Figure 13 shows the dynamic behavior of sodium dodecyl sulfate (SDS) at a 2 mmol concentration [50].

The dynamic curve fits a double exponent equation:

$$\gamma ={\gamma }_e+A_d{e}^{\raisebox{1ex}{$-t$}\!\left/ \!\raisebox{-1ex}{${\tau }_d$}\right.}+A_k{e}^{\raisebox{1ex}{$-t$}\!\left/ \!\raisebox{-1ex}{${\tau }_k$}\right.}$$

(11)

where γ_e is the equilibrium surface tension and A_d and A_k (amplitude of the exponential curve, γ_t=0 − γ_e) and τ_d and τ_k (relaxation time) are the diffusional and kinetic fitting parameters. In the case of surfactants, the interface adsorption is dependent on diffusion at a short surface age, and on the interfacial organization kinetic at a long surface age. When a new surface is created, the interface is relatively empty and there is no barrier to adsorption at the interface. Hence, the time at this stage (τ_d) is governed by the diffusion rate of surfactant molecules to the interface. When the surface becomes older, the concentration of surfactant molecules at the interface increases, which creates an organizational barrier for the surfactant molecules that are moving to the interface. Hence, the time at this stage (τ_k) is governed by the organization kinetic of the surfactant molecules at the interface. The diffusional and kinetic mechanisms are also observed in other surfactants [51,52]. For SDS, the τ_d and τ_k values are 0.133 and 12.85 s, while the A_d and A_k values are 3.32 and 3.5 mN/m, respectively.
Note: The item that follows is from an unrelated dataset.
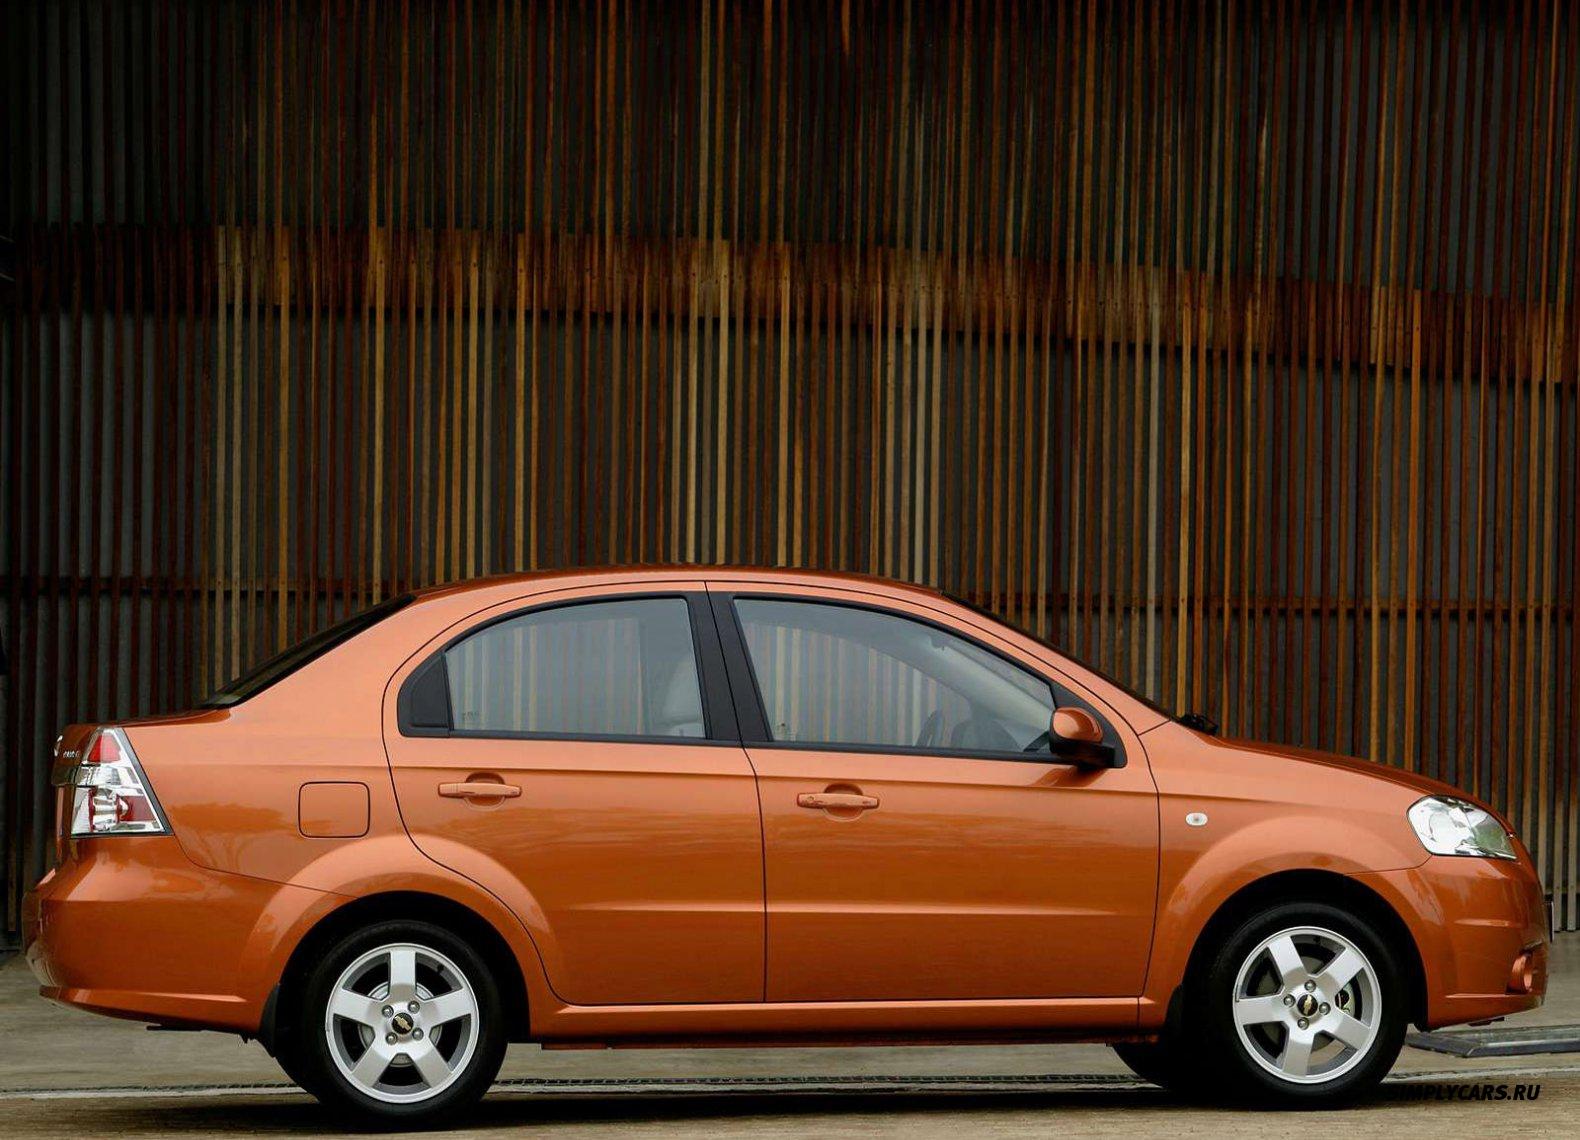 Камера заднего вида Chevrolet Aveo Седан T200/T250
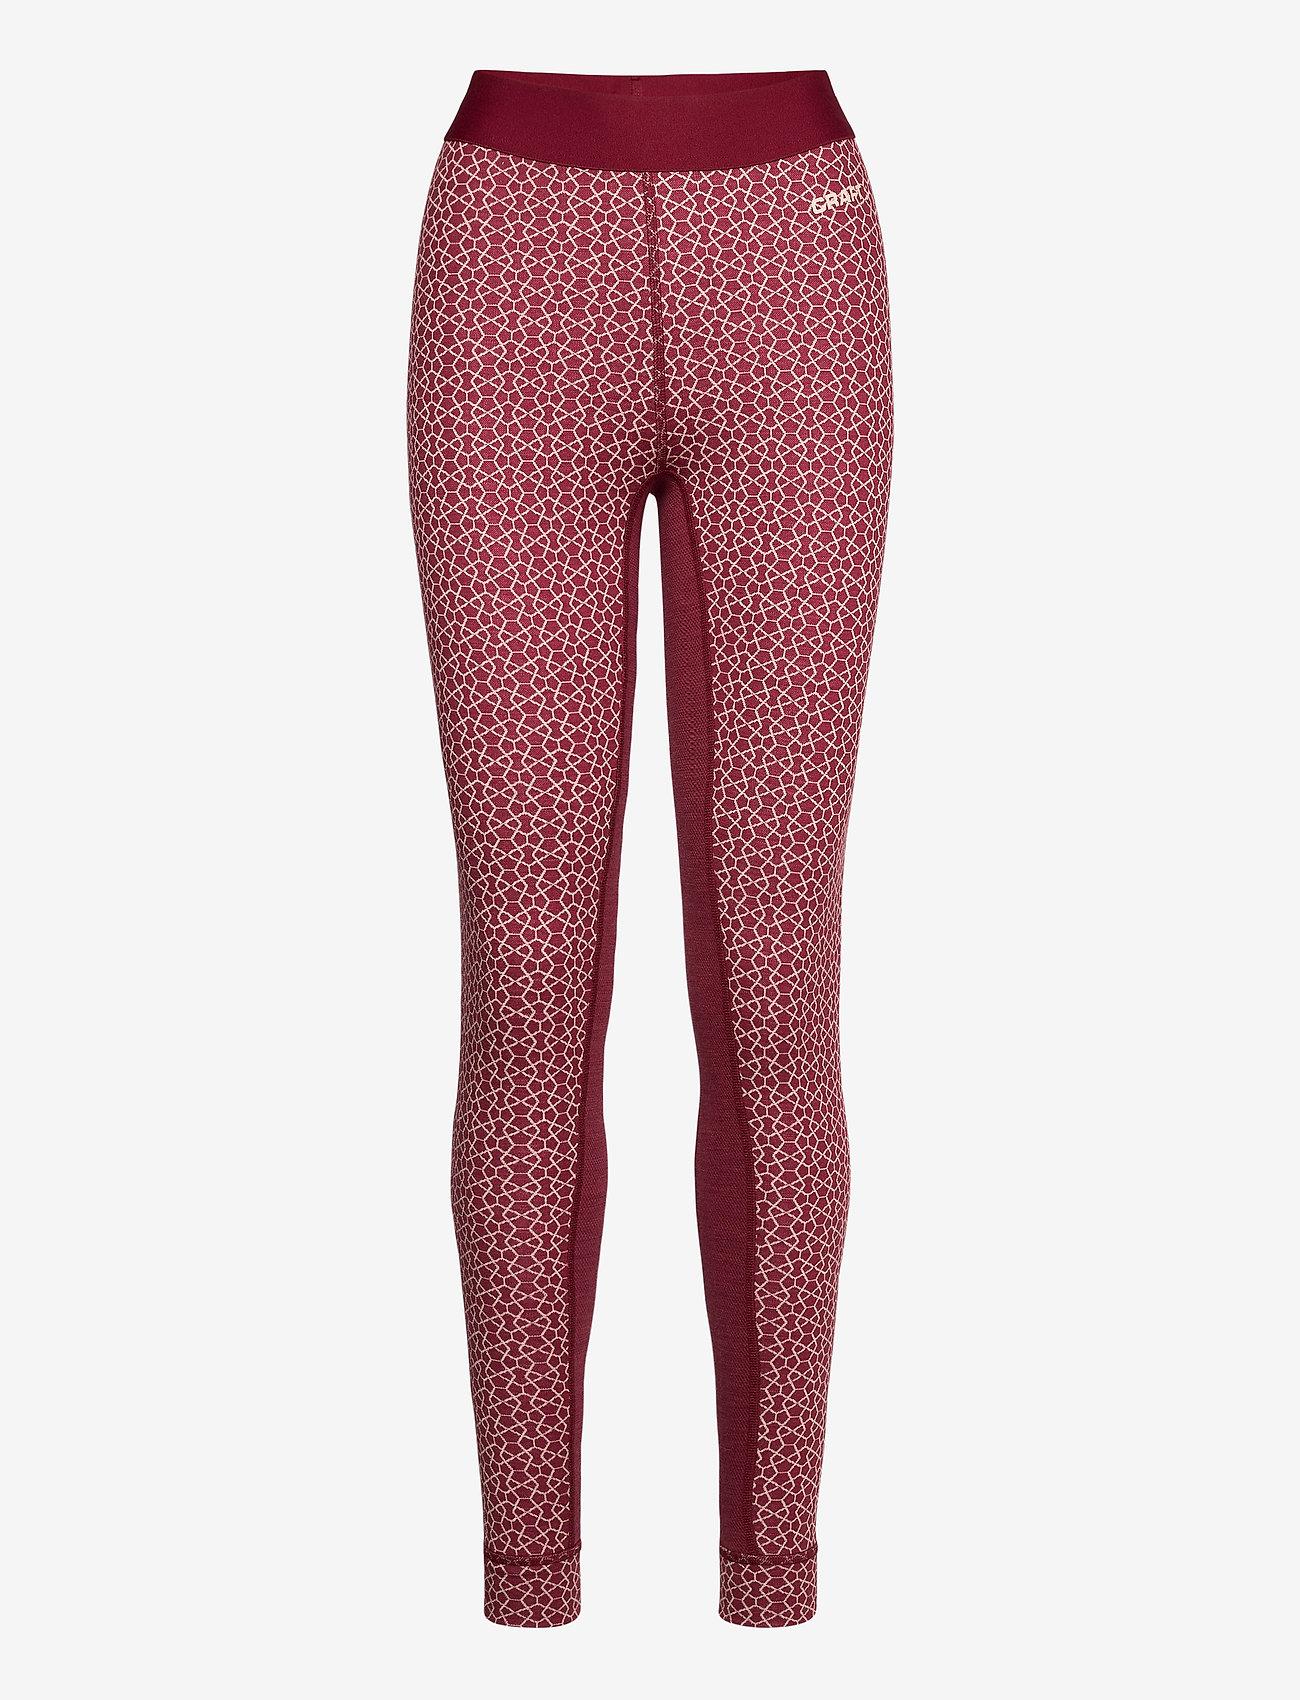 Craft - MERINO 240 PANTS W - nederdelar - rhubarg/touch - 0

All the CUP polymers have shown a single relaxation time (τ) at all the measured concentrations. All the τ values are relatively small. Polymer 1, at a 2.1 mmol concentration, showed a τ = 0.401, which is closer to τ_d, compared to the τ_k of SDS at a similar concentration (2 mmol). Therefore, the relaxation times in CUPs are primarily a function of the rate of diffusion. The reestablishment of the charged particles’ distribution as the bubble grows into the solution is relatively rapid and is not dominated by any major structural organizational mechanism. The relaxation time, τ, of all the CUPs (polymers 1–5) measured is higher than the diffusion relaxation time, τ_d, of SDS. This is to be expected, as CUP particles are larger in size compared to the SDS molecule, and CUPs also exhibit an electroviscous behavior when in solution that can further affect the diffusion rate. The presence of the accumulated interfacial hydronium and hydroxide ions may also contribute to the slow diffusion of CUP particles at the interface. However, this should not be a major contributor to the downward force on the CUP particles.

4. Conclusions

The maximum bubble pressure tensiometer results regarding CUP particles provide a detailed insight into the equilibrium and dynamic interfacial behavior of pure nanoscale-sized particles. The data from equilibrium surface tension, combined with the evaporation behavior, gave a better model of the particles present at the air–water interface. The model shows that the CUP particles were pushed out of the air–water interface, which caused the surface charges to align at the air–water interface. The surface charges then acted as surfactants, due to the hydrophobic region present around them. The magnitude of the surface tension was closer to those of sodium benzoate and sodium heptanoate, although they are not good models for the behavior of CUP solutions. At higher concentrations, the surface tension became constant, due to surface charge condensation. The surface charge condensation occurred at a longer distance from the surface when the CUP surface charge density was high. The charge condensation reduced the number of charges that acted as surfactants present at the air–water interface. Dynamic surface tension behavior is mainly affected by the diffusion coefficient of the particle, which is dependent on particle size and charge density. Slower particles show a longer relaxation time, indicating that the dynamic behavior is influenced by the rate of diffusion rather than a structure organization mechanism. Unlike surfactants, where the dynamic behavior is a function of diffusional and kinetic mechanisms, CUPs have shown a diffusion-based behavior wherein an organizational mechanism may be either absent or insignificant.